6. Positive and negative predictive value “flip” the probability statements of sensitivity and specificity. That is, sensitivity is the probability of classifying a case as positive GIVEN that they are truly positive ( $P(\text{classify positive} \mid \text{truly positive})$ in probability notation). Positive predictive value (PPV) flips this to being the probability of a case truly being positive GIVEN that they were predicted to be positive ( $P(\text{truly positive} \mid \text{classify positive})$ in probability notation).
  Why are PPV and NPV useful in practice? If you were a spinal physician, would you use this model in the clinic?

Note: If you want to learn more about the metrics that caret outputs, read the documentation by entering ?caret::confusionMatrix in the Console.

Varying the probability threshold: for-loops
Here, you’ll explore how to write a for-loop to evaluate a logistic regression model at many probability thresholds.
Step through the code and comments (comments start with a # pound sign) to understand some general features about looping operations in R. If you ever want to look up the documentation for a function, you can enter ?function_name in the Console.
Also fill in the ???’s in the code.

# Obtain the actual observed vertebral classes from the data
actual_classes <- vert$class
# Obtain the predicted probability of vertebral irregularity (Y=1 event)
# type="response" converts log odds, to odds, and finally to a probability
pred_probs <- predict(vert_mod$finalModel, newdata = vert, type = "response")

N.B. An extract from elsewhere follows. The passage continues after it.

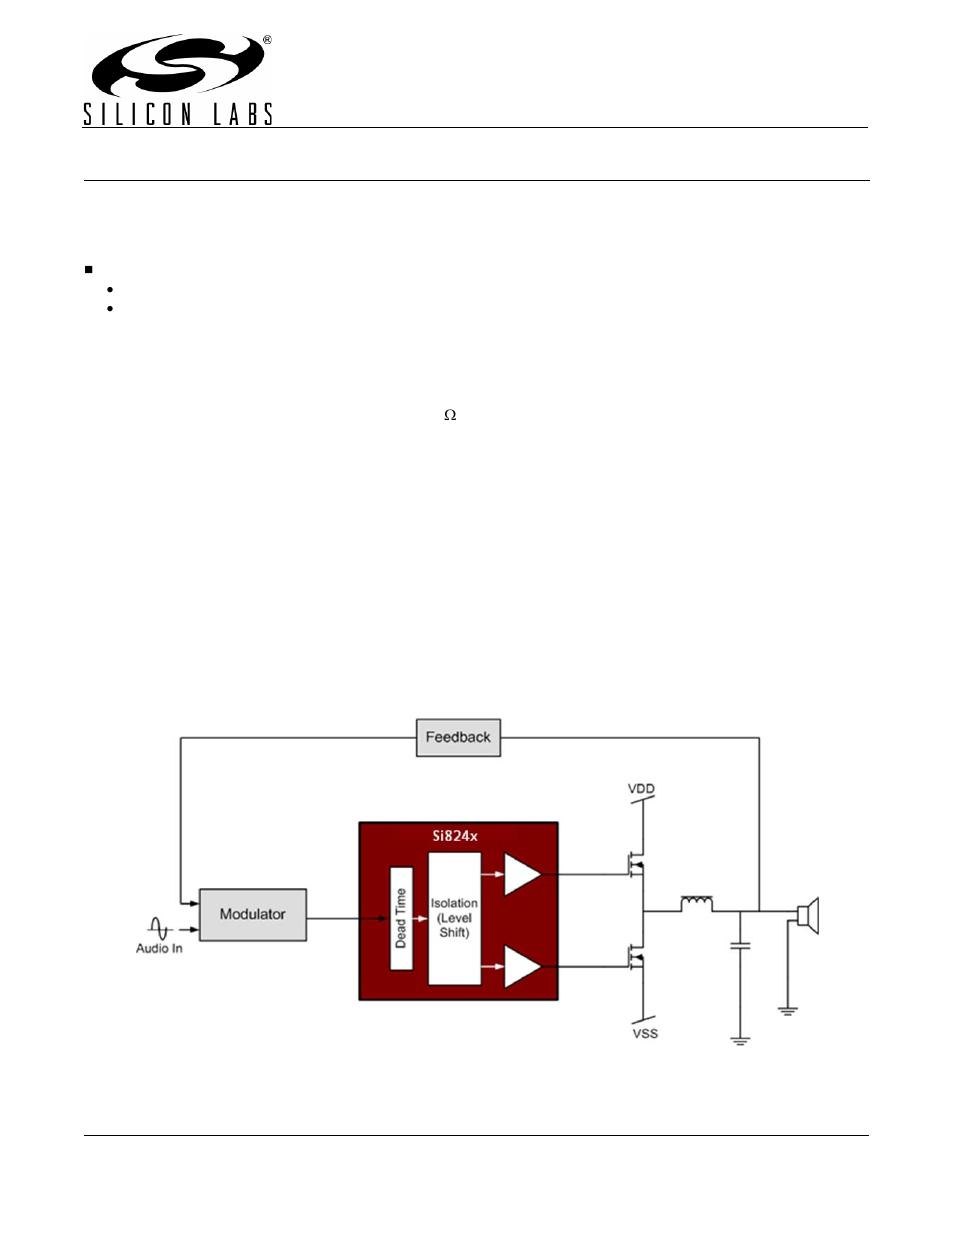 silicon laboratories si824xclassd kit si8410 user manual 16 pages rh manualsdir com Guitar Tube Amp Kit Amp Install Kit

# Create a regularly-spaced sequence of probability thresholds
prob_threshs <- seq(0, 1, by = 0.01)

# Create empty vectors to store the sensitivity and specificity
# for all values of the probability thresholds
sens_vec <- rep(0, length(prob_threshs))
spec_vec <- rep(0, length(prob_threshs))

# Loop over all of the thresholds
# seq_along() makes a sequence 1,2,...,length of prob_threshs
# In each iteration of the loop, the variable i takes these integer values
for (i in seq_along(prob_threshs)) {
    # Get the probability threshold for this iteration
    thresh <- prob_threshs[i]
    # If the predicted prob > threshold, predict "1".
    # Otherwise, predict "0".
    hard_preds <- ifelse(pred_probs > thresh, "1", "0")
    # Create boolean TRUE/FALSE vectors indicating whether the
    # prediction for each case is a TP, TN, FP, FN.
    is_tp <- hard_preds=="1" & actual_classes=="1"
    is_tn <- ???
    is_fp <- ???
    is_fn <- ???
    # Calculate sensitivity and specificity
    # Hint: sum(is_tp) gives the number of TPs
    sensitivity <- ???
    specificity <- ???
    # Store sensitivity specificity in their containers
    sens_vec[i] <- sensitivity
    ???
}

ROC curves and AUC
1. An ROC curve plots sensitivity on the y-axis versus 1-specificity on the x-axis. In this way, the y=x line provides a convenient reference for a random guessing classifier (flips a coin to make the classification).
```
plot(1-spec_vec, sens_vec)
abline(a = 0, b = 1, col = "gray")
```
2. What would the ROC curve look like for a model that is uniformly better for every probability threshold? For a model that is uniformly worse for each threshold?
3. What if ROC curves cross each other? A convenient way to quantify differences between models is with the area under the ROC curve, called AUC. The code below shows how you would compute AUC by hand.
```
roc_fun <- approxfun(x = 1-spec_vec, y = sens_vec)
integrate(roc_fun, lower = 0, upper = 1)
```
  What is the AUC for a perfect classifier? For the random guessing classifier?

You might imagine that there is an R package for making ROC curves and calculating AUC. There is! You will explore the pROC package in your homework.